Siguiendo con el tema del anterior post, en lo referente a las películas lo tengo más fácil. Gracias a la mula -y a mi adicción a la mula- tengo cientos de películas disponibles, y es más fácil elegir y descartar. El otro día me puse una película que se me pasó en su día: El dulce porvenir, de Atom Egoyan. A Egoyan le había seguido hace mucho tiempo, cuando era joven (más joven, Enrique Ortiz) y asidua a la Filmoteca.
Tampoco pude terminar de verla, no me atrapaba (la película, para quien no la haya visto, trata de las repercursiones que tiene para todo un pueblo el accidente del autobús escolar en el que mueren los niños que viven en ese pueblo). Aparte de mi problema de concentración, me resultaba demasiado fría y dura a la vez, sin resquicios. Sin embargo -y esto me hace pensar también en mi creciente gusto por lo concreto, por el detalle, más que por la historia larga- hay una escena que me pareció maravillosa. El abogado que representa a las familias, padre de una hija adolescente y conflictiva, cuenta que, cuando era pequeña, la niña estuvo a punto de morir por la picadura de una cría de araña. El abogado, su mujer y la niña estaban de vacaciones en una casa en la montaña, alejados de cualquier pueblo u hospital. Por teléfono, un médico le dice que suban los tres al coche, que el más tranquilo de los padres lleve a la niña detrás, tranquilizándola, para que su corazón no vaya a demasiada velocidad y no ayude al veneno a propagarse por el cuerpo, mientras el otro conduce. Deciden que sea el padre, más sereno porque es capaz de disimular su pánico, el que acune a la niña en el asiento trasero, mientras la madre conduce. El médico le dice también que ha de llevar preparado un cuchillo por si la garganta de la niña se hinchara tanto que dejara de respirar; le explica cómo ha de hacer para practicarle una traqueotomía. Durante el viaje, el padre mece a la niña con uno de sus brazos, mientras le canta una nana, y en la mano libre porta el cuchillo. Interiormente reza para no tener que usarlo, mientras se convence a sí mismo de que llegado el caso podrá hacerlo y no le temblará el pulso. Esa es la imagen que vemos en pantalla: un bebé que mira a su padre con ojos temerosos y llenos de amor, y a su lado una mano que sujeta un cuchillo.

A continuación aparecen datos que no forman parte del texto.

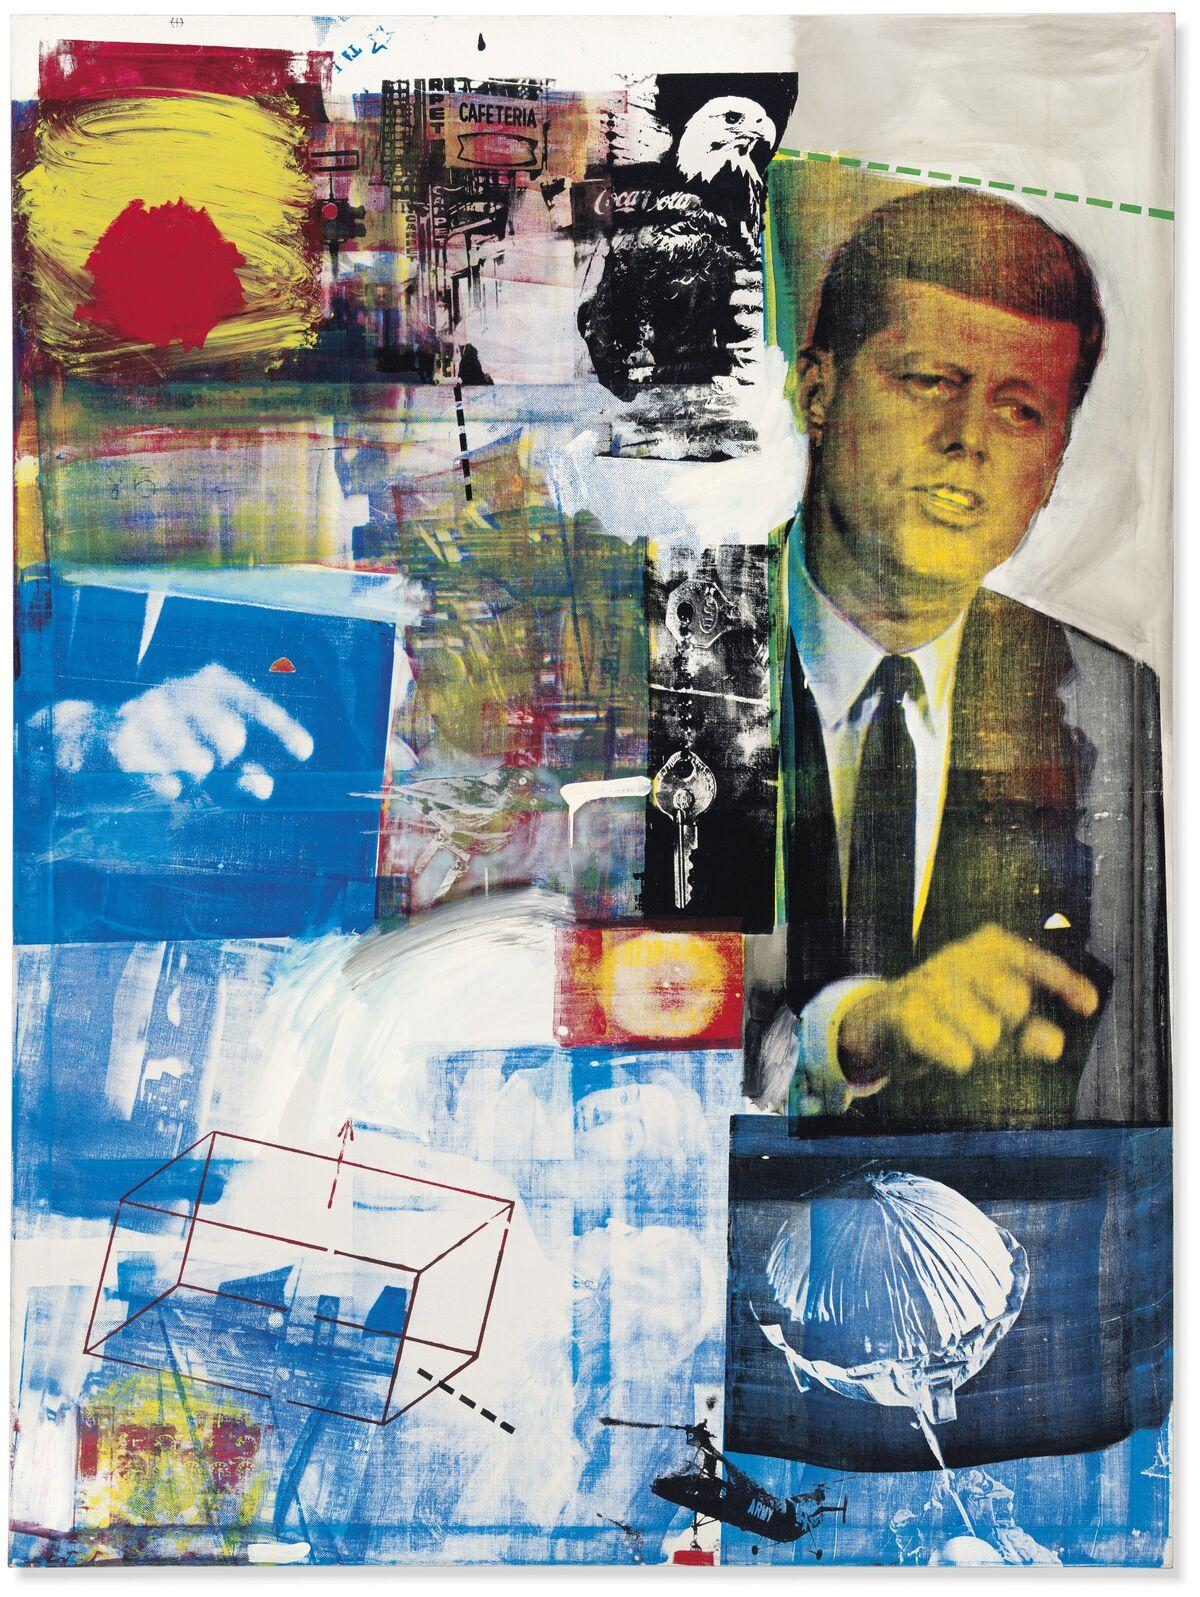 Robert Rauschenberg, Buffalo II,  1964. Courtesy of Christie's.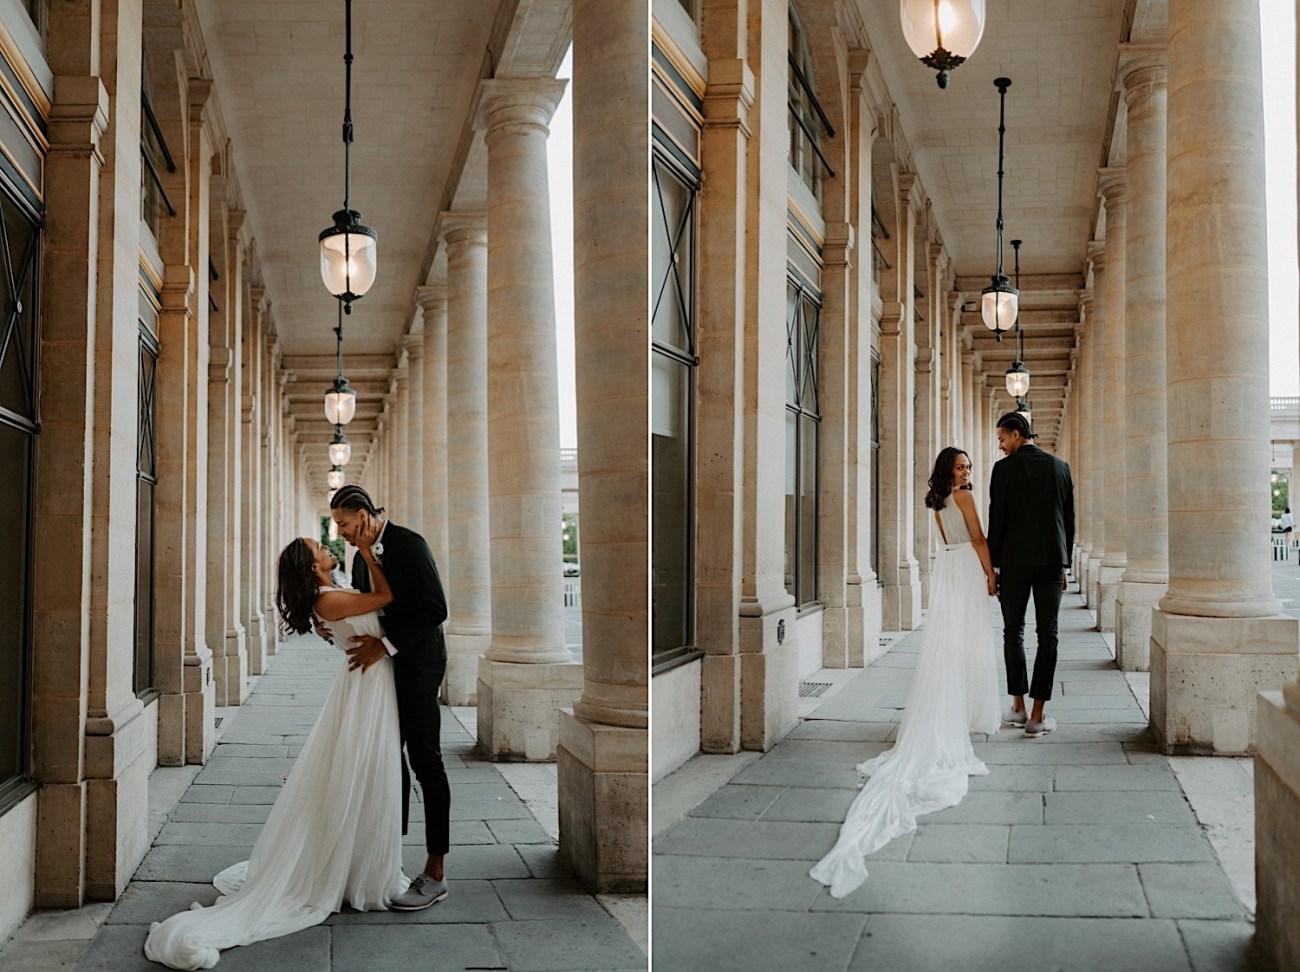 Paris Louvre Wedding Photos Paris Wedding Photographer Destination Wedding France Anais Possamai Photography 06

Qué queréis, es la mejor metáfora que alguien me ha mostrado sobre la paternidad.
1 comentario:
Pero si eres una cría, Ana. Me encantó esa peli; la he visto un par de veces. Me vuelve loco ese ambiente de invierno, ese silencio espeso (manido, sí, pero es así), las miradas, la calma atroz del pueblo. Qué buena disección haces, Ana. Un abrazo.